"Berdasarkan UU Nomor 17 tahun 2019 tentang Sumber Daya Air dan Peraturan Pemerintah Nomor 37 tahun 2012 tentang Pengelolaan Daerah Aliran Sungai, jembatan ini tidak memiliki izin melintasi sungai."
DEMIKIAN bunyi spanduk yang terpasang di area jembatan perahu milik Muhammad Endang Junaedi atau Haji Endang.
Jembatan perahu milik Haji Endang, yang menghubungkan Desa Anggadita dan Parungmulya di Karawang, Jawa Barat, tiba-tiba dipersoalkan.
Pada 28 April 2025, Balai Besar Wilayah Sungai (BBWS) Citarum memasang spanduk peringatan di jembatan yang telah beroperasi selama 15 tahun tersebut.
Spanduk itu menyatakan bahwa jembatan tersebut tidak memiliki izin untuk melintasi sungai, sesuai dengan Undang-Undang Nomor 17 Tahun 2019 tentang Sumber Daya Air dan Peraturan Pemerintah Nomor 37 Tahun 2012 tentang Pengelolaan Daerah Aliran Sungai.
Jembatan perahu sederhana yang kini dipersoalkan ini bukan sekadar infrastruktur, melainkan simbol perlawanan terhadap keterbatasan yang ada.
Semangat gotong royong dari masyarakat setempat yang melahirkan jembatan ini seharusnya diapresiasi, bukan malah dihukum dengan penutupan.
Baca juga: BBWS Citarum Beri Ultimatum Haji Endang: Kalau Diabaikan, Kita Bakal Bongkar Paksa Jembatan
Jembatan perahu Haji Endang itu telah 15 tahun menjadi jalan bagi para pekerja, pelajar, dan pedagang kecil yang bergantung padanya.
Dibangun dengan keringat dan tabungan masyarakat, jembatan ini bukan sekadar lintasan, tetapi simbol harapan dan kreativitas rakyat yang hadir ketika negara absen di tengahnya
Ironi muncul mengapa solusi rakyat dipandang sebagai masalah?
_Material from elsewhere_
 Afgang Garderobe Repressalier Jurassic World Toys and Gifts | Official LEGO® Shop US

Mengapa inovasi yang telah membantu ribuan orang justru dianggap mengganggu tatanan hukum? Apa yang salah dengan cara kita memandang kebijakan ini?
Kini jembatan perahu itu menghadapi ancaman penutupan oleh Balai Besar Wilayah Sungai (BBWS) Citarum, atas dalih perizinan dan potensi pelanggaran UU Sumber Daya Air.
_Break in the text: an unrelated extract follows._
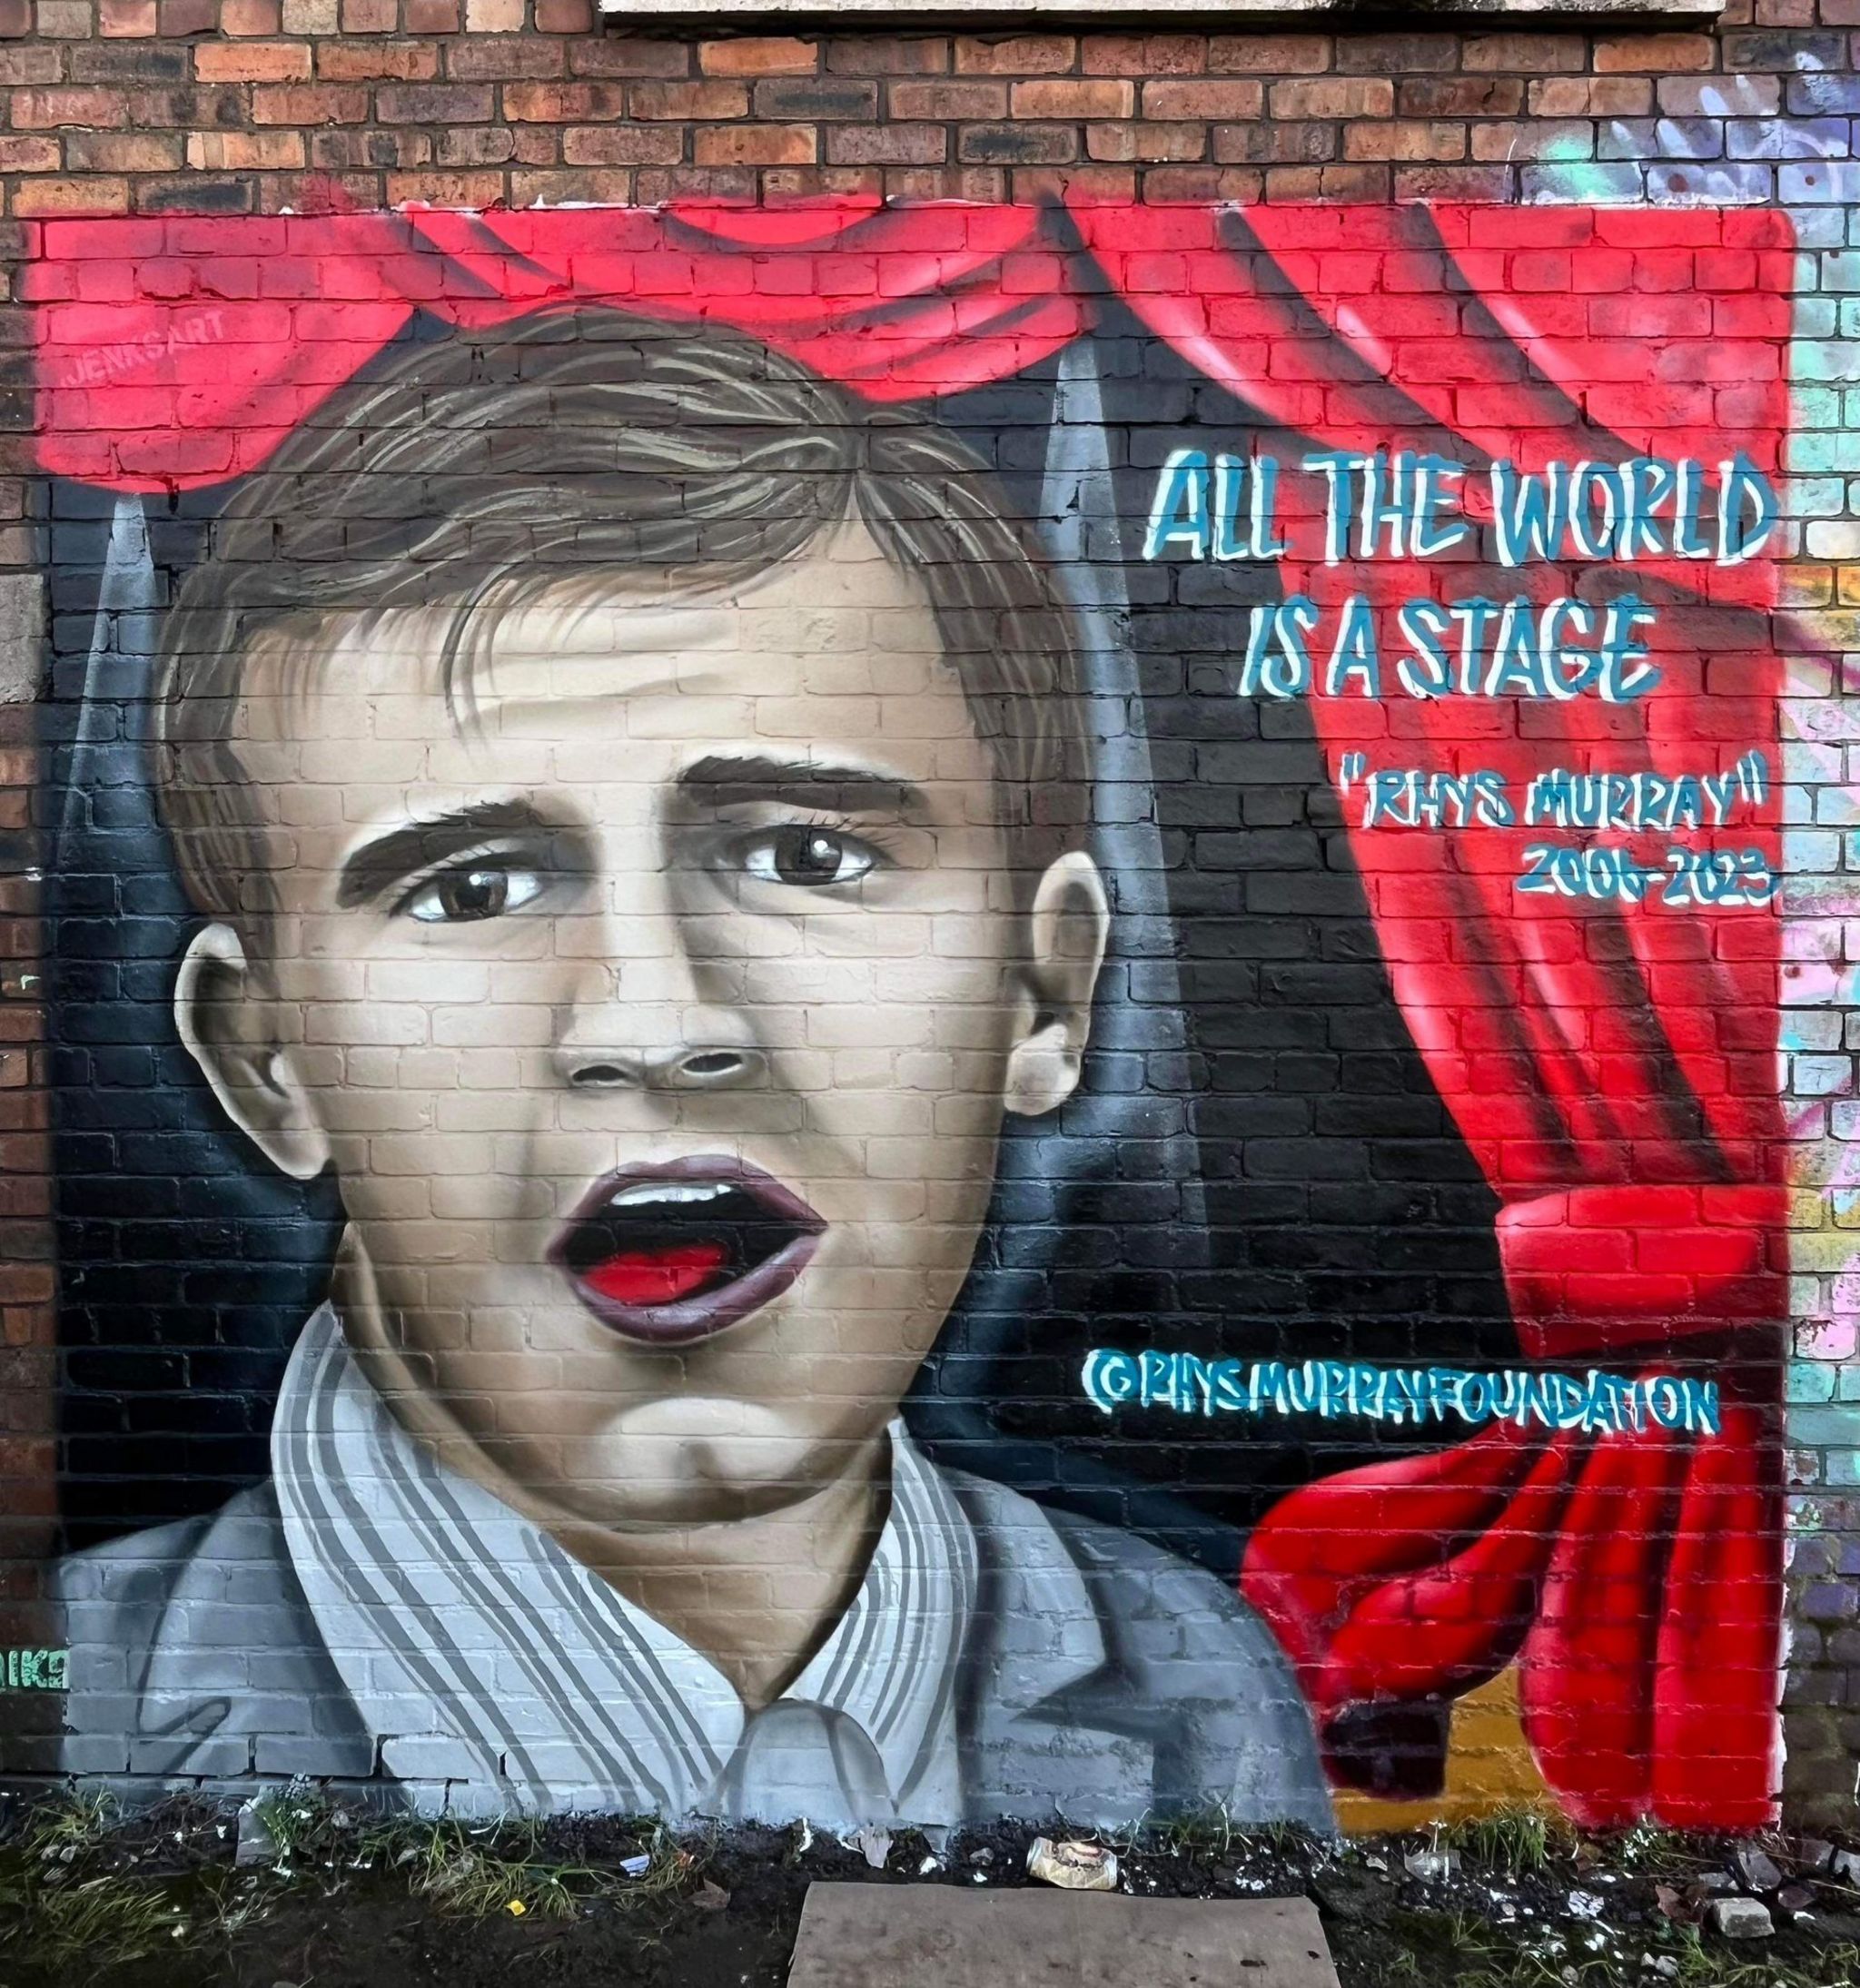 A mural in tribute to Rhys

Ironi muncul: mengapa setelah belasan tahun keberadaannya, pemerintah baru “terbangun”? Kenapa inovasi rakyat dipandang sebagai pelanggaran, bukan sebagai inspirasi untuk solusi?
Bagi warga Karawang yang setiap hari harus menyeberangi Sungai Citarum, tidak adanya jembatan resmi bukan sekadar ketidaknyamanan, tetapi hambatan ekonomi, sosial, bahkan keselamatan. Namun, alih-alih menunggu solusi yang tak kunjung tiba, mereka memilih bertindak.
Biaya pembangunan jembatan perahu Haji Endang yang mencapai sekitar Rp 5 miliar memang berasal dari swadaya masyarakat, terutama dipelopori oleh Haji Endang sebagai tokoh lokal.
Proses pembangunannya melibatkan gotong royong warga, yang secara aktif membantu, baik dalam tenaga, dana, maupun perawatan jembatan tersebut.